IETF Draft – BGP-signaled end-system IP/VPNs Contrail

IETF Draft – BGP-signaled end-system IP/VPNs Contrail

Control Systems

IETF Draft – BGP-signaled end-system IP/VPNs Contrail

There is a new IETF Draft – BGP-signaled end-system IP/VPNs draft-marques-l3vpn-end-system submitted for review. It is quite the whose who on the working group of traditional networking vanguard companies like Cisco, Juniper, Infinera, AT&T labs, Verizon and a new comer to the race Contrail. Contrail is an SDN startup with series A funding at $10Mil. There are some of the best out there heading that way such as Kireeti Kompella from Juniper, Ankur Singla from Aruba (I had Arista typed edited (Oct 10- Thanks Ankur!), Pedro Marques from Google and Harshad Nakil from Cisco. Rumor is this is a spin-in for Juniper. If you want to go straight to the draft and skip any of this post here is the link.

What jumps out on the surface the most is this draft is actually talking to a coherent control plane. I have changed my mind on what it is going on in the draft proposal about 10 times over the past 3 days that I have looked at it so it will probably change again and I am sure I missing about a dozen nuances. It is truly amazing to see how BGP has evolved through extensions to be as relevant today and in the future as ever.
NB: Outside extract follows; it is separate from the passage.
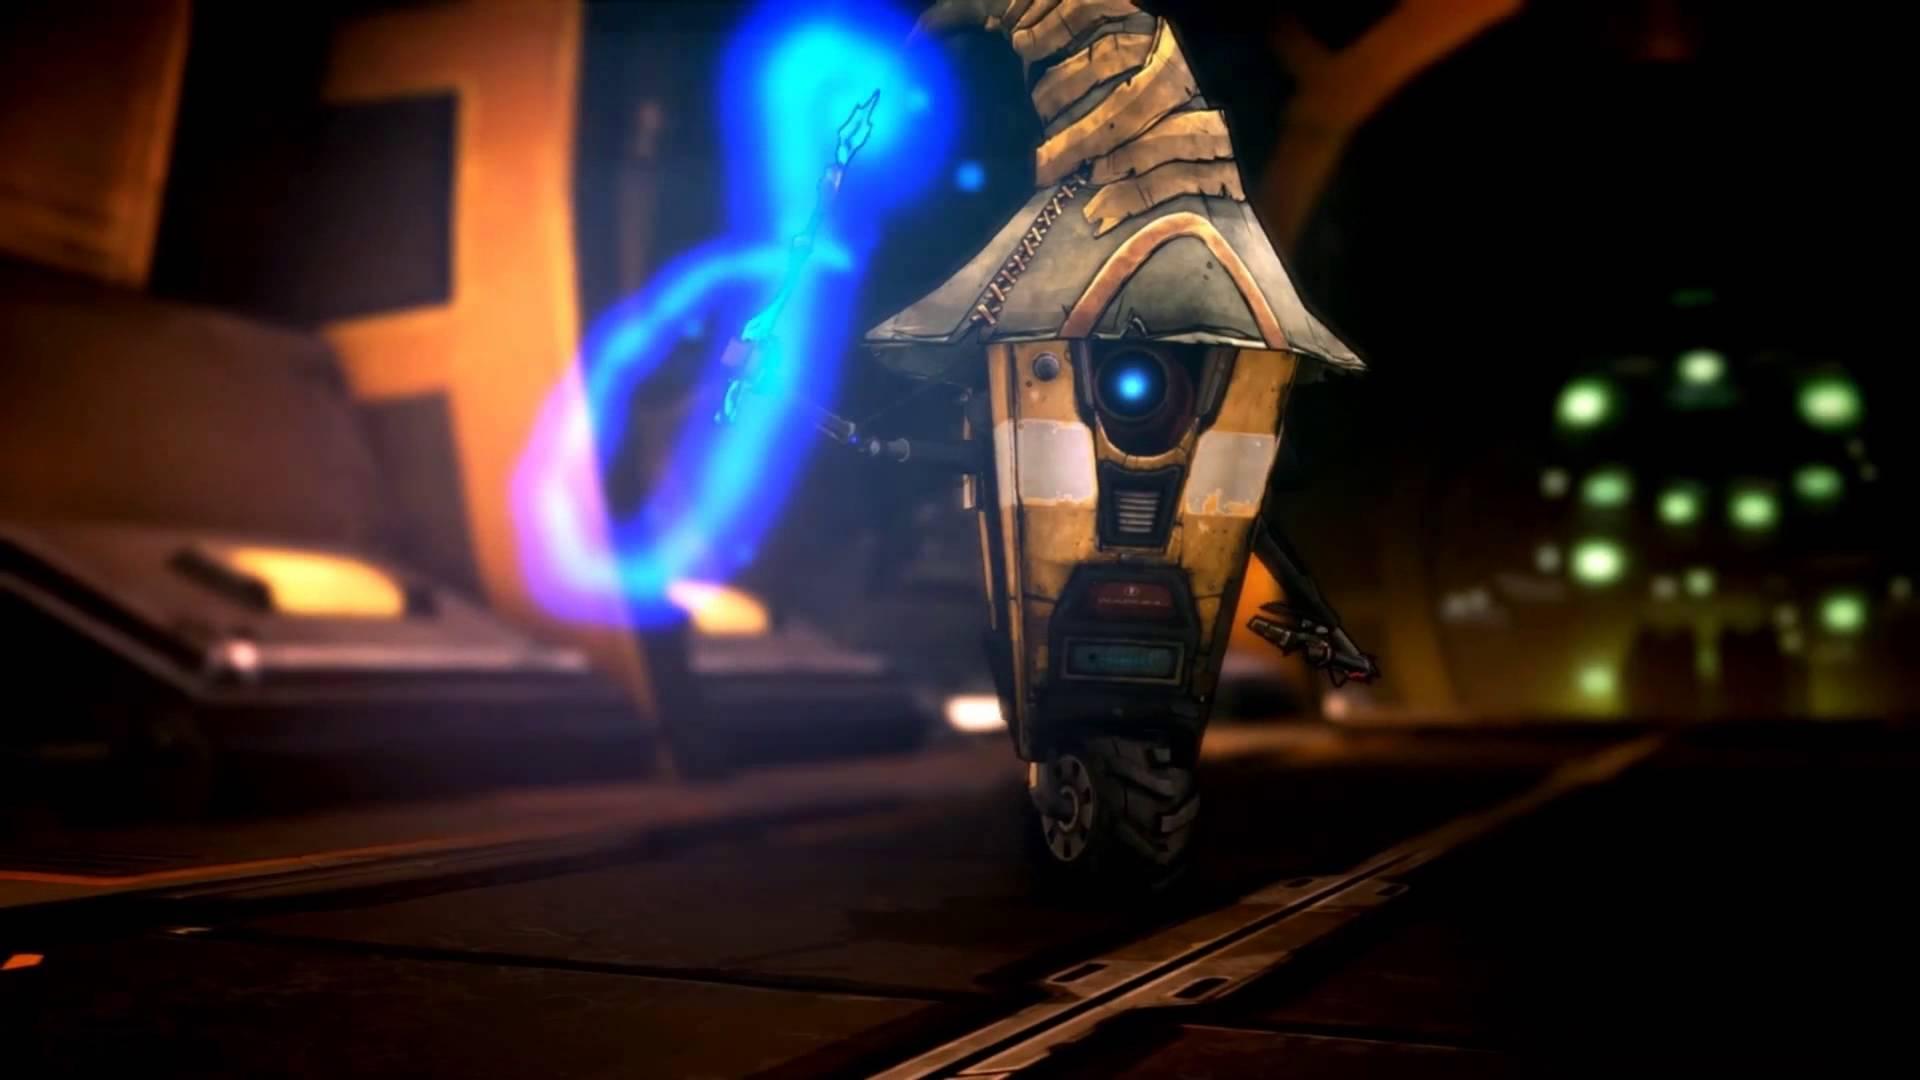 『Borderlands 2』&『The Pre-Sequel』を同時収録、さらに全DLCを同梱したPS4/XboxOne版が発売決定!画面分割による4人協力プレイ対応!

The problem is at the edge wether orchestration, policy application or scale and this looks to address that issue in software on the next-gen edge which is the hypervisor. The elegance is that instead of saying we are agnostic to what is going on in the underlying network substrate, this incorporates the substrate via widely deployed protocols such as BGP/VPNs today. There is a lot going on in this draft, ALOT. If you aren’t quite clear or rusty on how network virtualization works via BGP/VPN/MPLS, I higly recommend this Lecture from Prof. Karandikar to prime or refresh the mem alloc, he gives a fantastic lecture.


This document describes how the control plane specified by BGP/MPLS IP VPNs [RFC4364] can be used to provide a network virtualization solution for end-systems that meets the requirements of large scale data-centers. It specifies how the control and forwarding functions of a Provide Edge (PE) device described in [RFC4364] can be separated such that the forwarding function can be implemented in end-systems themselves. The solution is applicable to any encapsulation that can deliver packets across an IP network as a tunneled IP datagram plus a 20-bit label.

Not Perfect but BGP and VPNs Scale

Before we dive into the draft, let’s take a peak at where we are today from my pov at least. Until policy is pushed to the edge into software, which is nonexistent until it can be orchestrated, there is this central pile of gear applying it somewhere in the network. That can be distributed but now you are still left with a management problem of managing distributed systems with no tools that interop. Not to bore anyone with story time, but I see potential for the policy application problem that is still present today. Last year when designing a data center we leveraged BGP MPLS VPN PEs like we do with about everything anymore, for the requirement of multi-tenancy across three data centers. We have deployed BGP/VPNs in our enterprise for the last 5 years or so to support lots of different business units and compliance such as PCI and HIPAA.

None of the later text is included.